Relecture très éloignée du roman de Scott, il met en scène les amours de l’armurier Henry Smith et de la belle Catherine Glover que contrarient l’apprenti Ralph, jaloux de Smith, et le Duc de Rothsay, dont Mab la bohémienne cherche à se venger. Dernière manifestation en France de cette Scottomanie qui s’empare de l’Europe à partir des années 1810, le livret accumule des situations chères à Saint-Georges, qui recycle ici paresseusement ses vieilles recettes ou emprunte celles qui font le succès des opéras du temps. La scène de la folie de Catherine à l’acte IV dérive de la Lucia di Lammermoor de Donizetti et celle de l’effet de mémoire cathartique final qui lui rend sa raison de la Martha de Flotow dont Saint-Georges conçoit le livret. Même le personnage de Mab est emprunté à son ballet-pantomime La Gypsy d’après un roman de Walter Scott. Enfin, le livret hésite entre les quiproquos et les déguisements de l’opéra-comique et les grandiloquences du grand-opéra.
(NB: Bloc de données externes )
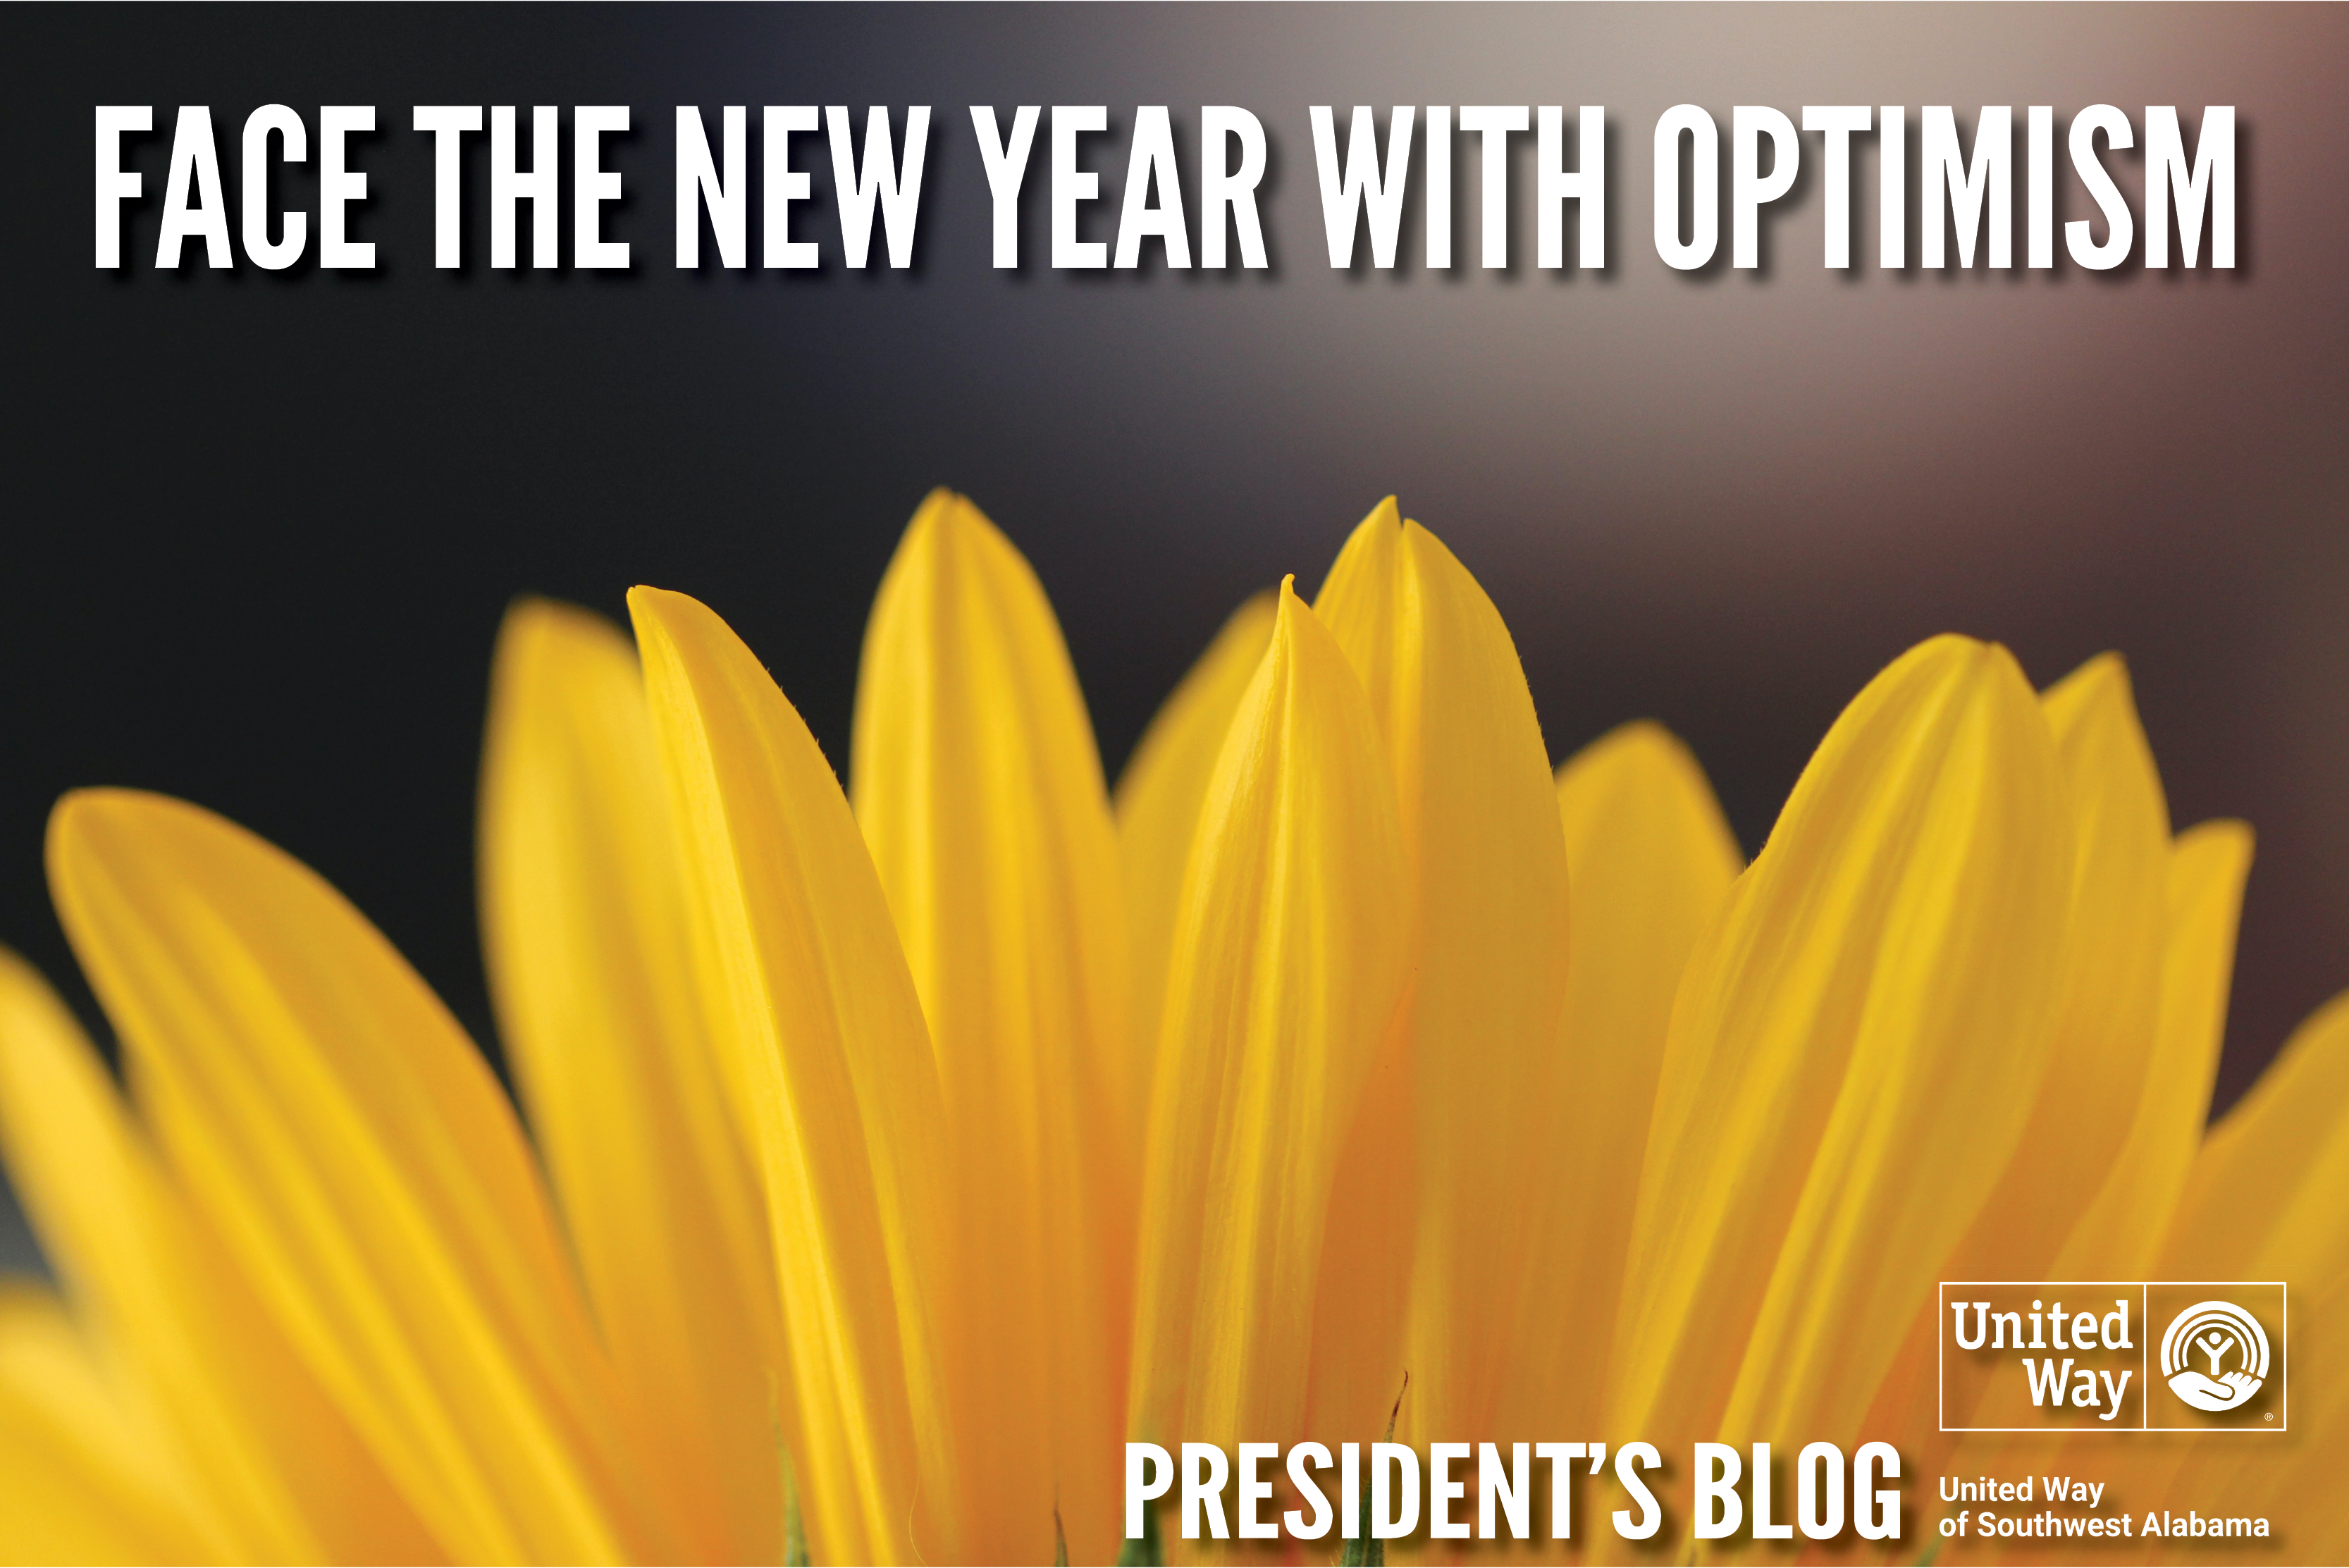 January President's Blog - Face the New Year with Optimism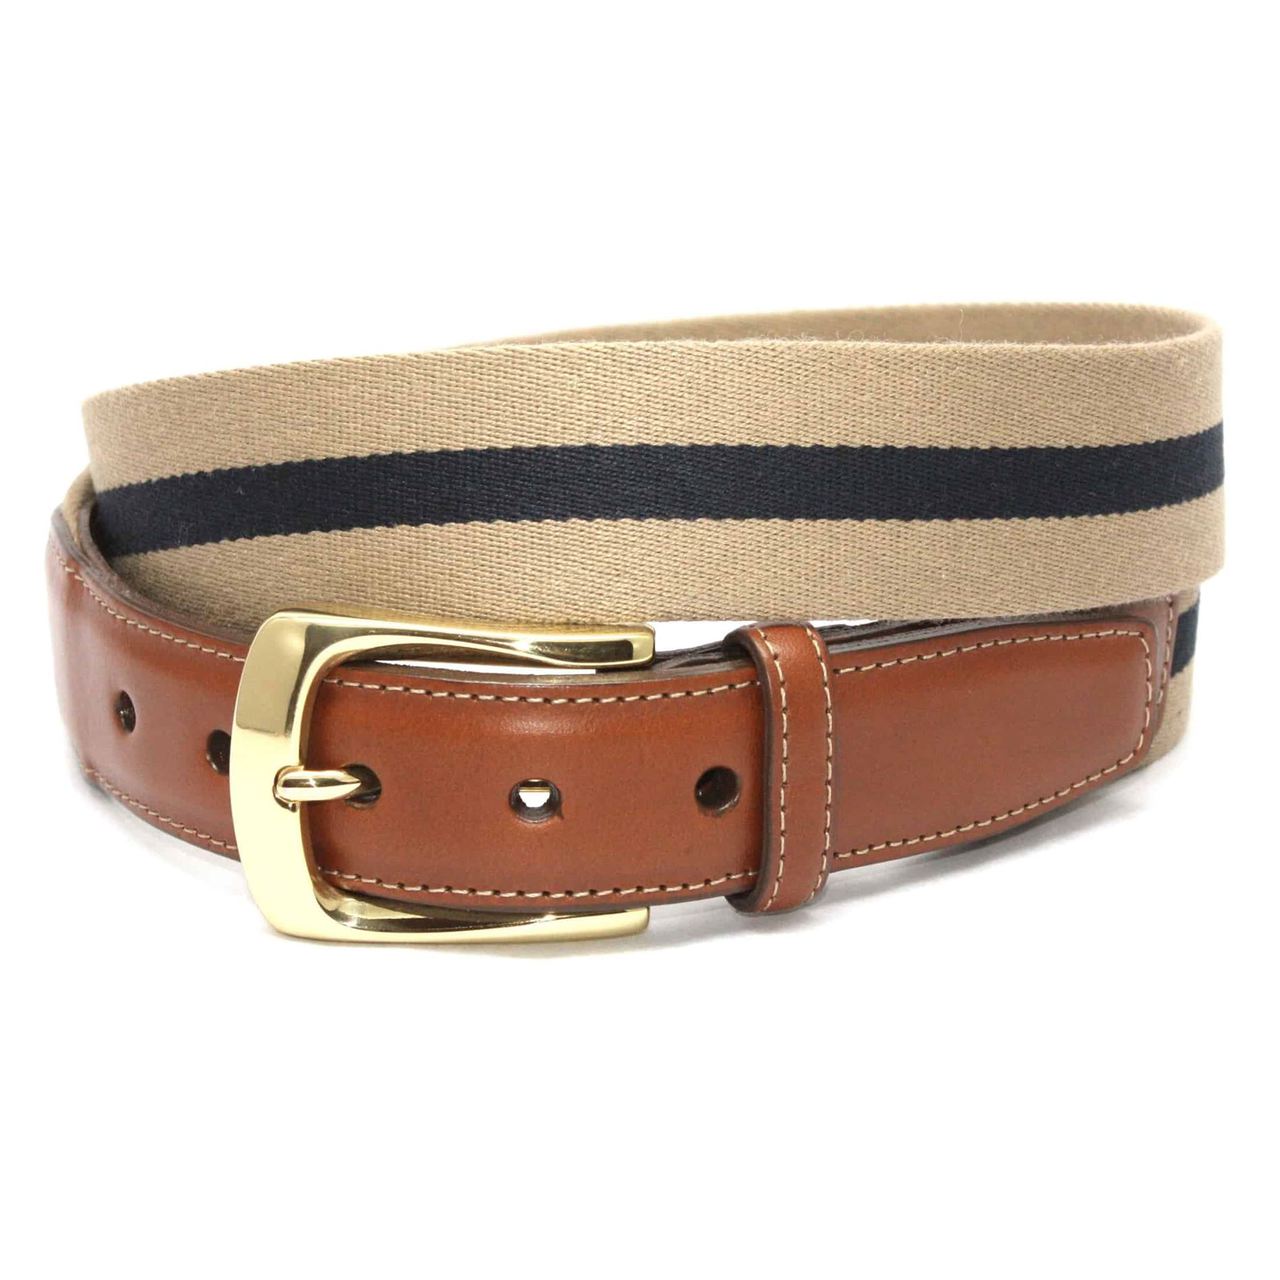 Italian Woven Cotton Belt in Tan, Brown & Cream by Torino Leather Co. -  Hansen's Clothing

Placé sous l’égide de ce « fou joyeux » de Carnaval qui favorise le renversement des valeurs et la gloutonnerie et donne lieu à deux chansons à boire et à l’éloge des plaisirs pendant trois actes, il finit par camper un jugement de Dieu peu crédible qui oppose l’armurier et Ralph l’apprenti gantier pour laver l’honneur perdu mais intact de la pauvre Cateau, victime des manigances de Mab.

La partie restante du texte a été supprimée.